Воспоминания о мальчике, которого бесконечно подвергали этим мучениям в течение многих лет, прорываются сквозь меня. О мальчике, который неустанно сражался сам с собой, чтобы отомстить за мою мать и ее мать. О мальчике, который позволил этому человеку постоянно брать и брать. Мою свободу. Мое удовольствие. Мои надежды на будущее, в котором есть хоть какая-то версия любви.
— Я болен так, как никогда не был, — злорадствую я, не отводя взгляда, прежде чем плюнуть ему в лицо.
Он тянется за носовым платком, который протягивает ему Кэллум, и на его круглом самодовольном лице отражается разочарование.
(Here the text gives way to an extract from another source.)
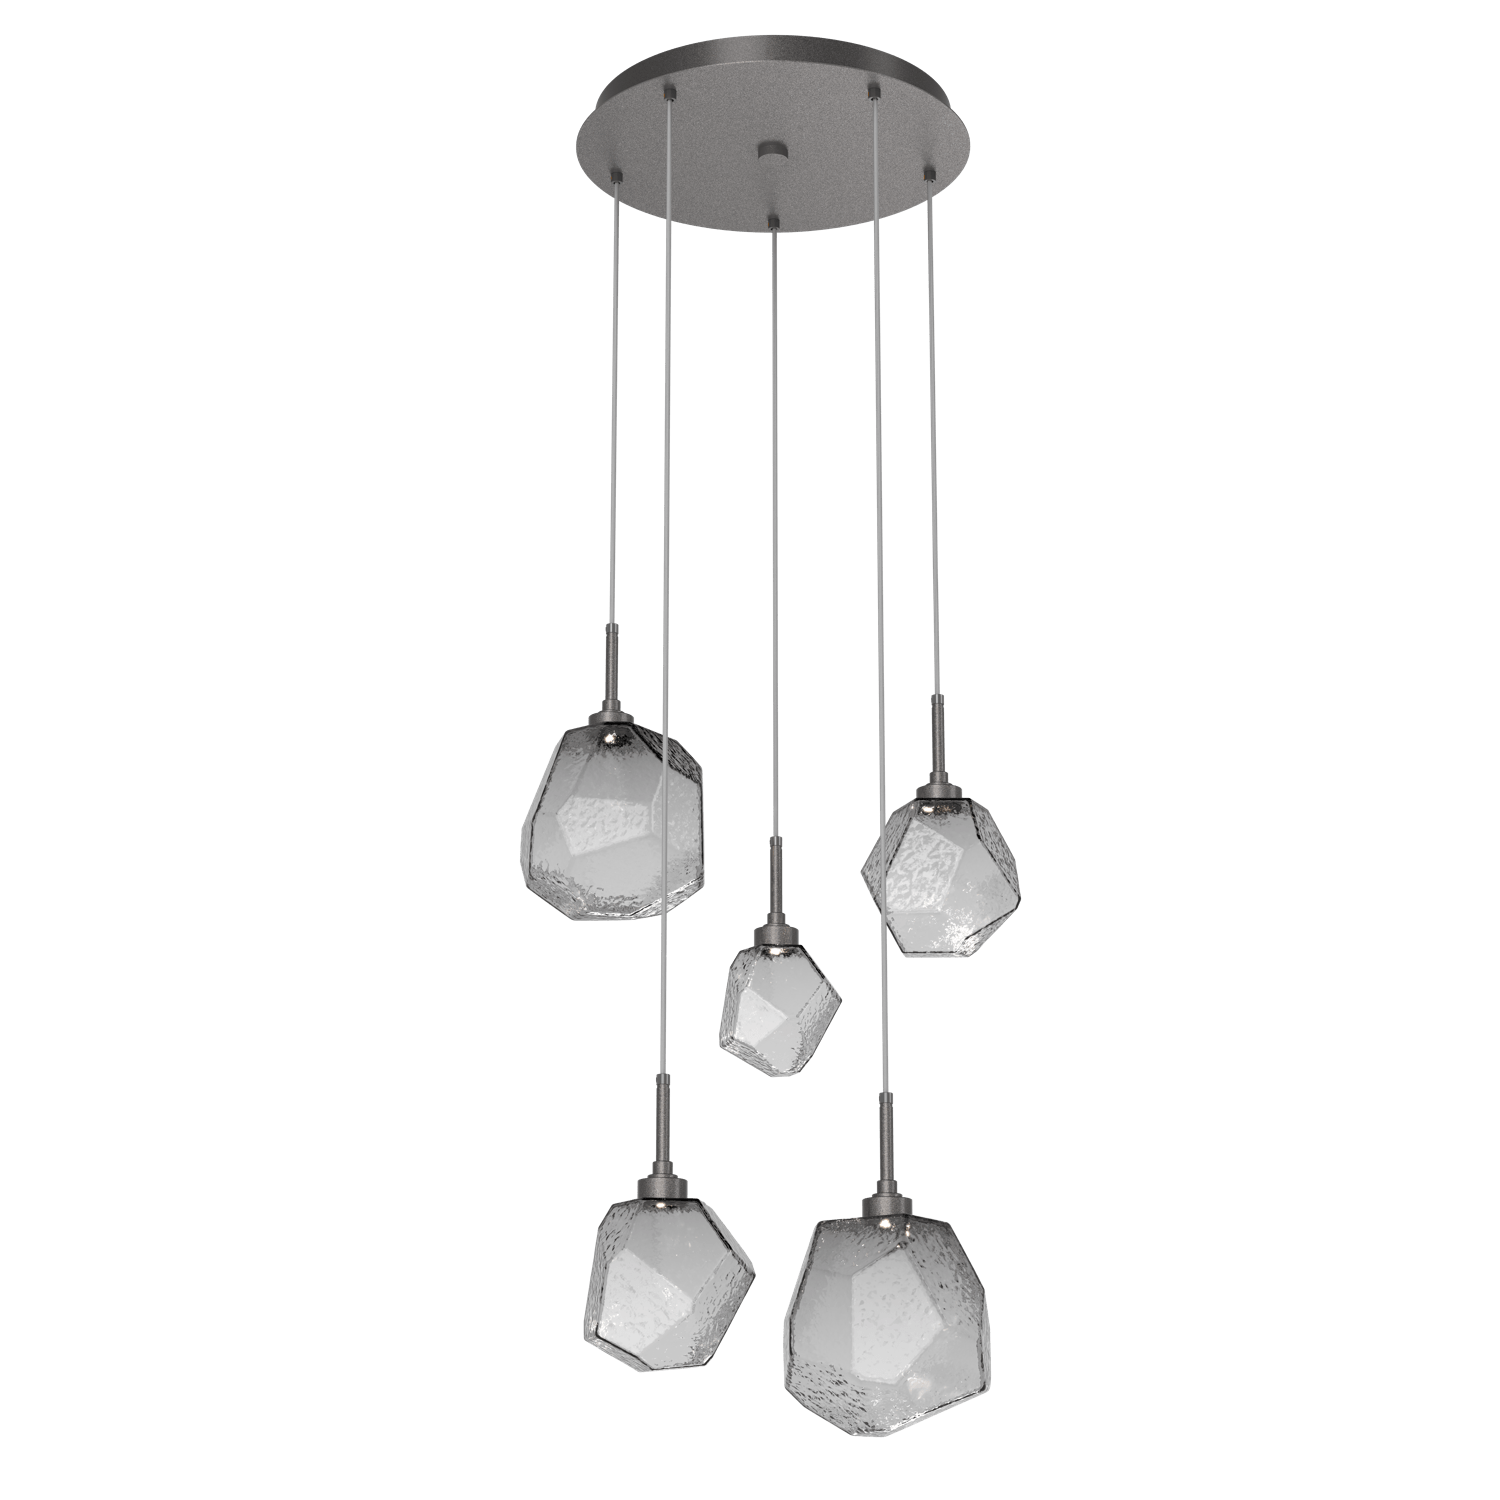 CHB0039-05-GP-S-Hammerton-Studio-Gem-5-light-round-pendant-chandelier-with-graphite-finish-and-smoke-blown-glass-shades-and-LED-lamping

Мой тяжелый взгляд встречается со взглядом Сэйнта на диване, и я задерживаю его на мгновение, прежде чем начинается горение моей плоти.
Из моего горла вырывается придушенный стон, и я стискиваю зубы, чтобы прогнать боль. Горячее, обжигающее масло медленно скользит по моему торсу, сжигая плоть по мере того, как оседает. Меня охватывает желание стереть его, убежать от боли, но мой разум борется с подавляющими болевыми сигналами.
Дыши через нос.
Взгляни в ее нежные и заботливые глаза.
Почувствуй хрустящий аромат яблока в ее роскошных, только что вымытых волосах.
Почувствуй ее бархатистую, теплую плоть под кончиками пальцев, когда они касаются ее изгибов.
Услышь ее мягкий, нежный голос расслабления.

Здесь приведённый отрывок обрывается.